It was Paul Erdös (“You trivial beings!”) who said that “a mathematician is a device for turning coffee into theorems.”
This may be something deeper than it at first seems to be.
A mathematician is a human being, that is, an evolved meat bag, a snorting, grubbing, hungering, randy machine of self-propagation and gene transmission. Humans and other animals, as a general rule, eat, excrete, breed, and die, all without any rhyme or reason to their brief lives. For most of all history of life, all species have impacted the world only in similarly blind and unintentional ways: catastrophes unplanned, revolutions unforeseen, mathematical laws of biology obeyed without comprehension or awareness.
Then came the first mathematician; not the traditional Thales of Greek legend, but someone much earlier. And what was she or he, and what do mathematicians do? They take the dross and brutishness of life, and see there are patterns beneath and within: they draw triangles in the sand, and discover Pythagoras’s Theorem; they delineate the fields of Nile, and discover geometry. They distill the essential out of the crude whole, and abandoning that crudity to its own devices and gyrations build on their pure suppositions. Biologians and physicists are concerned with what is; philosophers and leaders often consider what should be; artists, closest to the people of number, consider what they would like to be, the imaginations that most tickle their various fancies; but mathematicians are intent on invading the land of imagination and seeking not their wishes or needs, but simply all that what must be.
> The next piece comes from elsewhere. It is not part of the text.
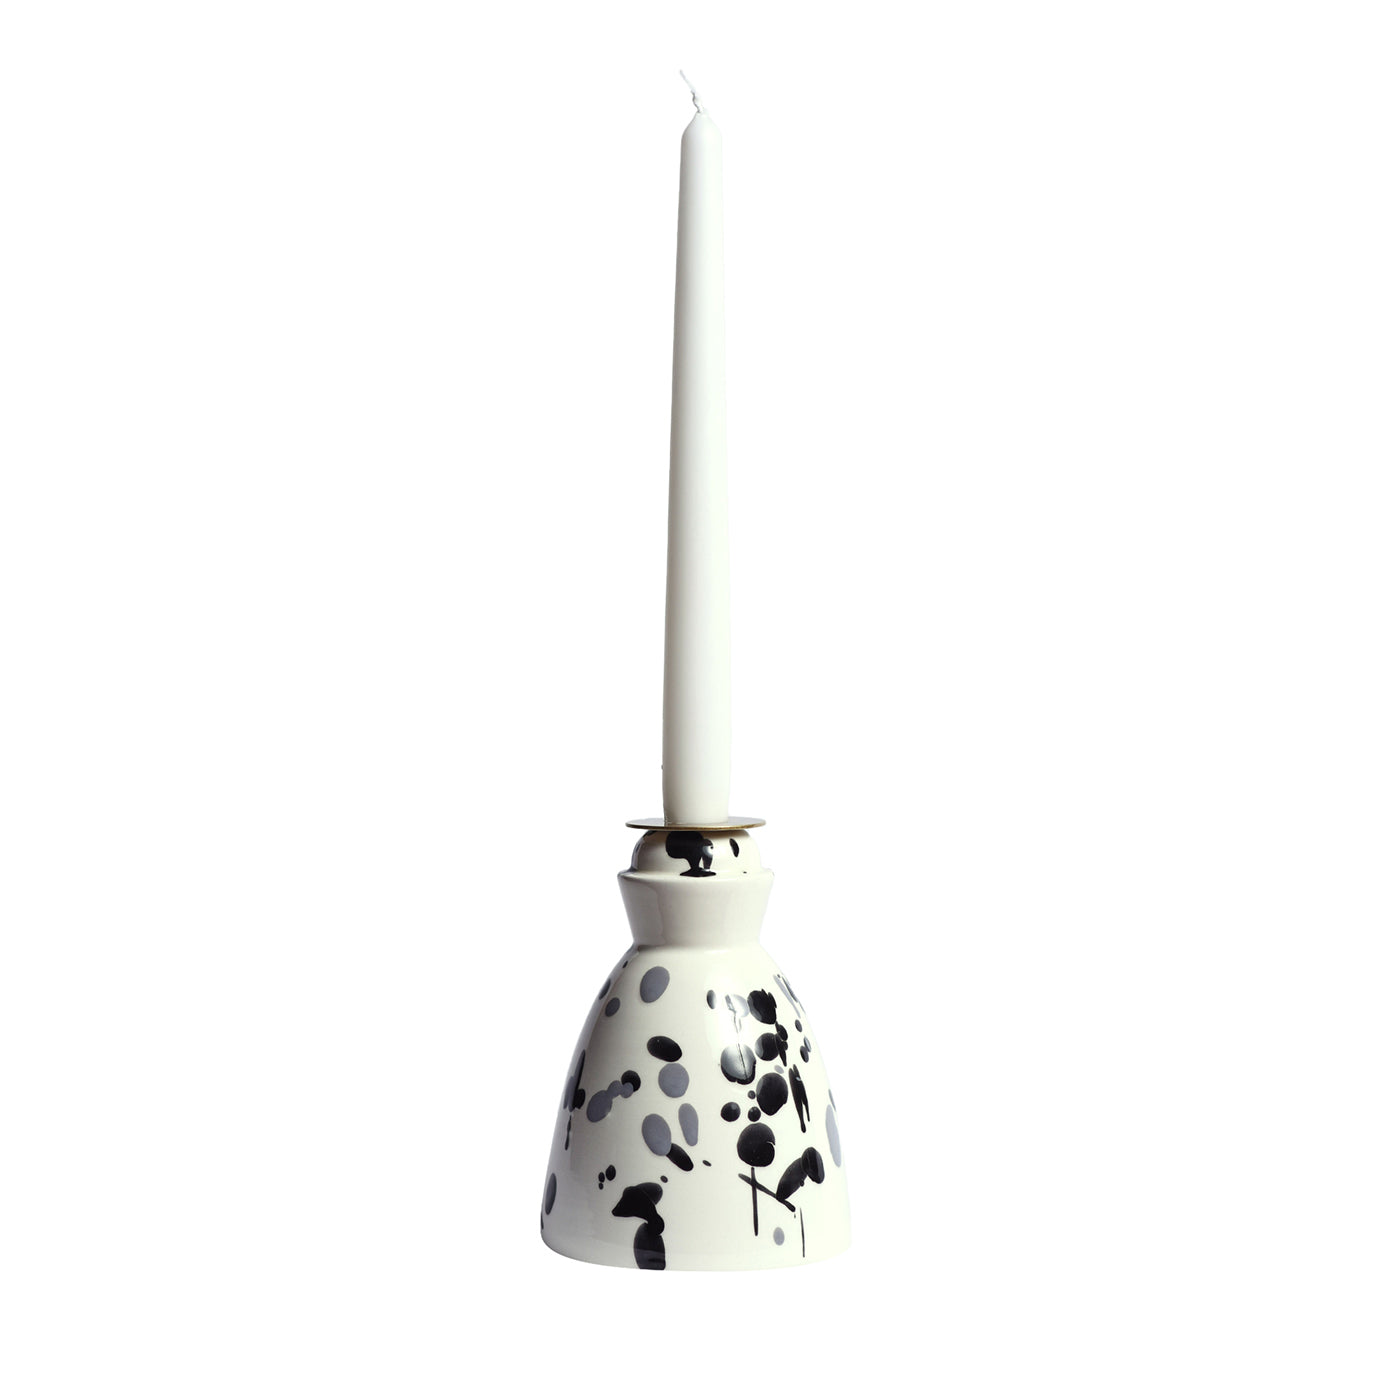 Candelabro de cerámica en blanco y negro con 4 velas perfumadas - Vista principal

And what emerges from their work is a structure of pure intellect divorced from the distractions of corporeal existence, an unfallen Babel-tower of axiom and result. Their work is imagination, clouds piled on clouds, not anchored to anything solid, but it is consistent against itself. In that stark sculpture-glory it is something immeasurably different from all pursuits before, and most pursuits since.
Mathematicians are crude creatures, and live in the crude world of flesh and matter: but they are also gates and conduits into the high worlds of logic and suppositional truth. And being that, they are the most precious alchemists, for they transform the raw crudeness of their existence and sustenance into something universal, eternal, beautiful and — if one wishes to use the word — divine.
Coffee into theorems it is, but that is something of an understatement.
Or then what I said just now was an overstatement; I don’t know. Why plumbers never get these lyrical fits, or are they just better in self-control?